Physicists have built a molecular-scale motor entirely from DNA strands, and used it to store energy by winding up a DNA ‘spring’.
It is not the first DNA nanomotor, but it’s “certainly the first one to actually perform measurable mechanical work”, says Hendrik Dietz, a biophysicist at the Technical University of Munich in Germany whose team reported the results on 20 July in Nature1. The technique adds to a growing list of ‘DNA origami’ tricks that are being used to build structures on the molecular scale. The approach aims to find applications in fields such as chemical synthesis and drug delivery.
Living cells are stuffed with molecular machines, including rotary motors; these carry out a range of tasks, from wiggling a bacterium’s flagellum to producing ATP molecules that make up a cell’s energy stocks. These motors often use ratchet mechanisms, similar to the toothed wheels in clockwork that allow rotations in one direction but not the other.
Like everything else in the cell, biological machines are continually buffeted around as a result of Brownian motion — the constant, random movement of molecules and other particles in the cytoplasm. Often when particles bump together, they can impart a ‘kick’ of energy to one another.

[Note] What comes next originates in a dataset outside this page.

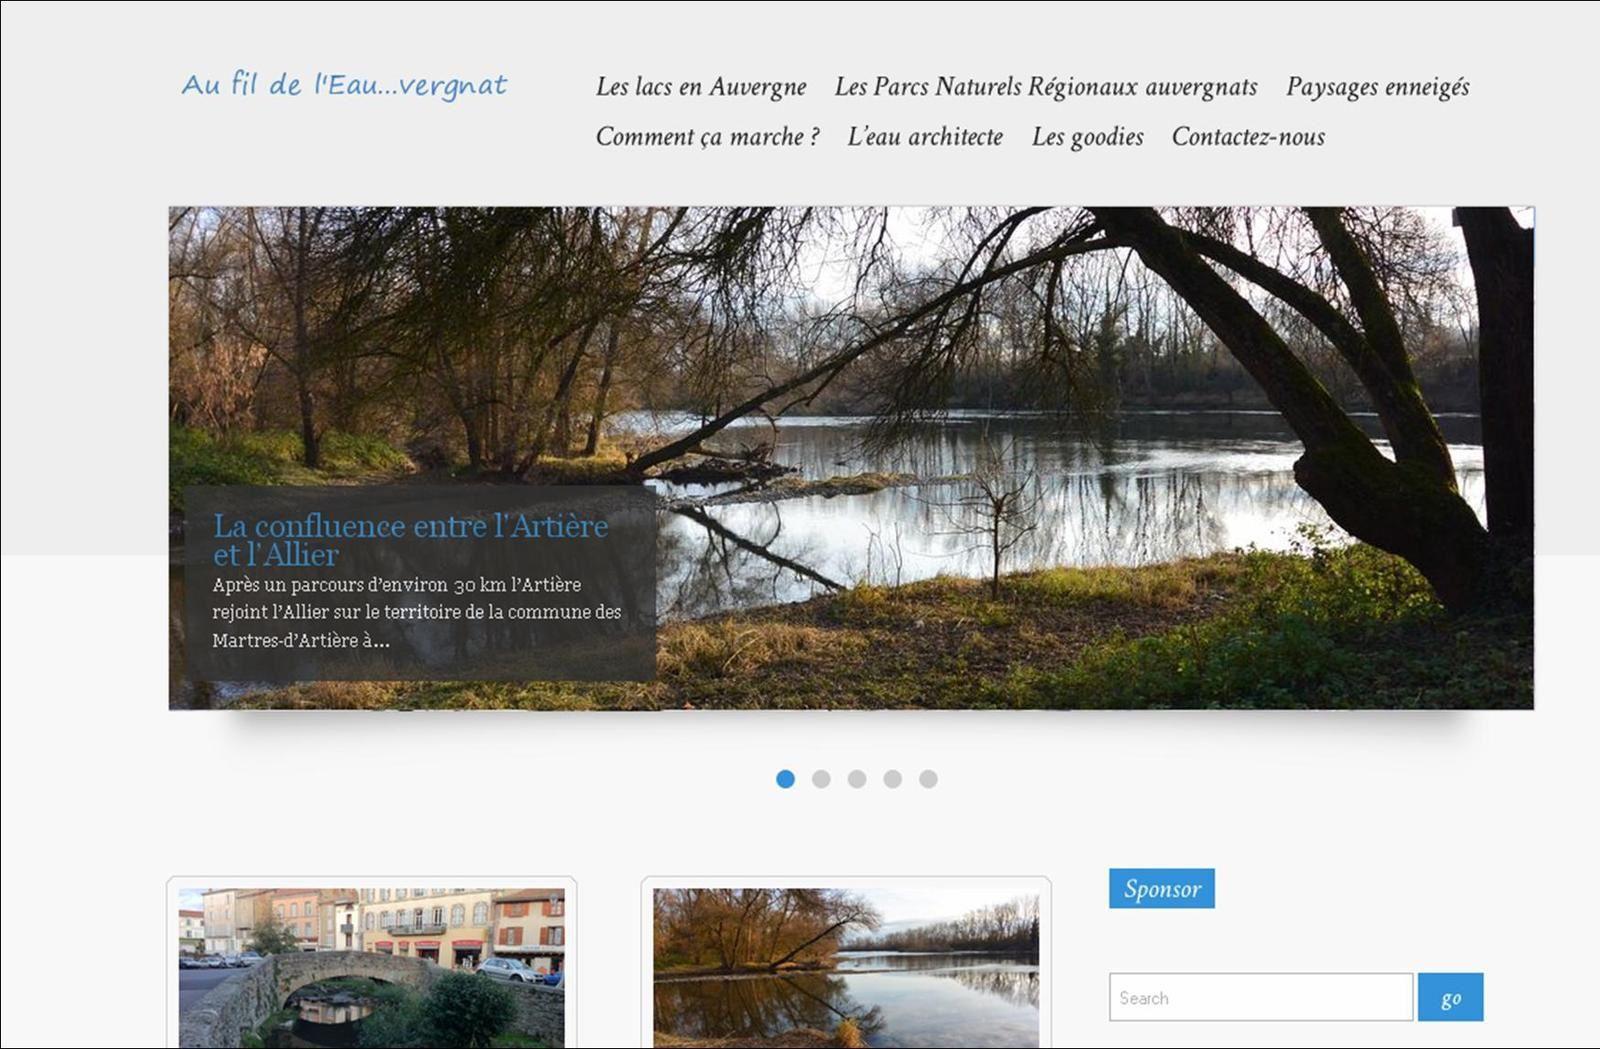 Ils parlent de l'Auvergne:  Eauvergnat

Dietz and his colleagues wanted to engineer a motor out of DNA that could be driven by Brownian motion in a similar way to the protein-based machines found in cells. In the DNA origami technique they used, loops of single-stranded DNA from a bacteriophage virus are mixed together in a solution with short strands of synthetic DNA; these are made to match the nucleobase sequences of specific sites in the viral genome. The short pieces bind to the long strands and force them to fold into the desired shape. Since this technique was first demonstrated in 20062, researchers have built DNA origamis of increasing complexity.
Kicks and bumps
Dietz and his team built triangular platforms out of DNA, each of which had a rod sticking out from the middle. They stuck these structures to a glass surface and added long DNA arms, which attached to the platforms in a way that allowed them to rotate around the rod.
To create a ratchet effect, the researchers patterned the platforms with bumps that made that rotation more difficult. Only kicks provided by Brownian motion enabled the arms to overcome the bumps and rotate, typically by a half-turn.
Without any further intervention, the rotation would go back and forth randomly. So the team also dipped two electrodes into the solution and ran an electrical current in alternating directions. The changing voltage altered the energy landscape experienced by the long DNA arms, and made rotation in one direction more favourable, through a mechanism known as a flashing Brownian ratchet.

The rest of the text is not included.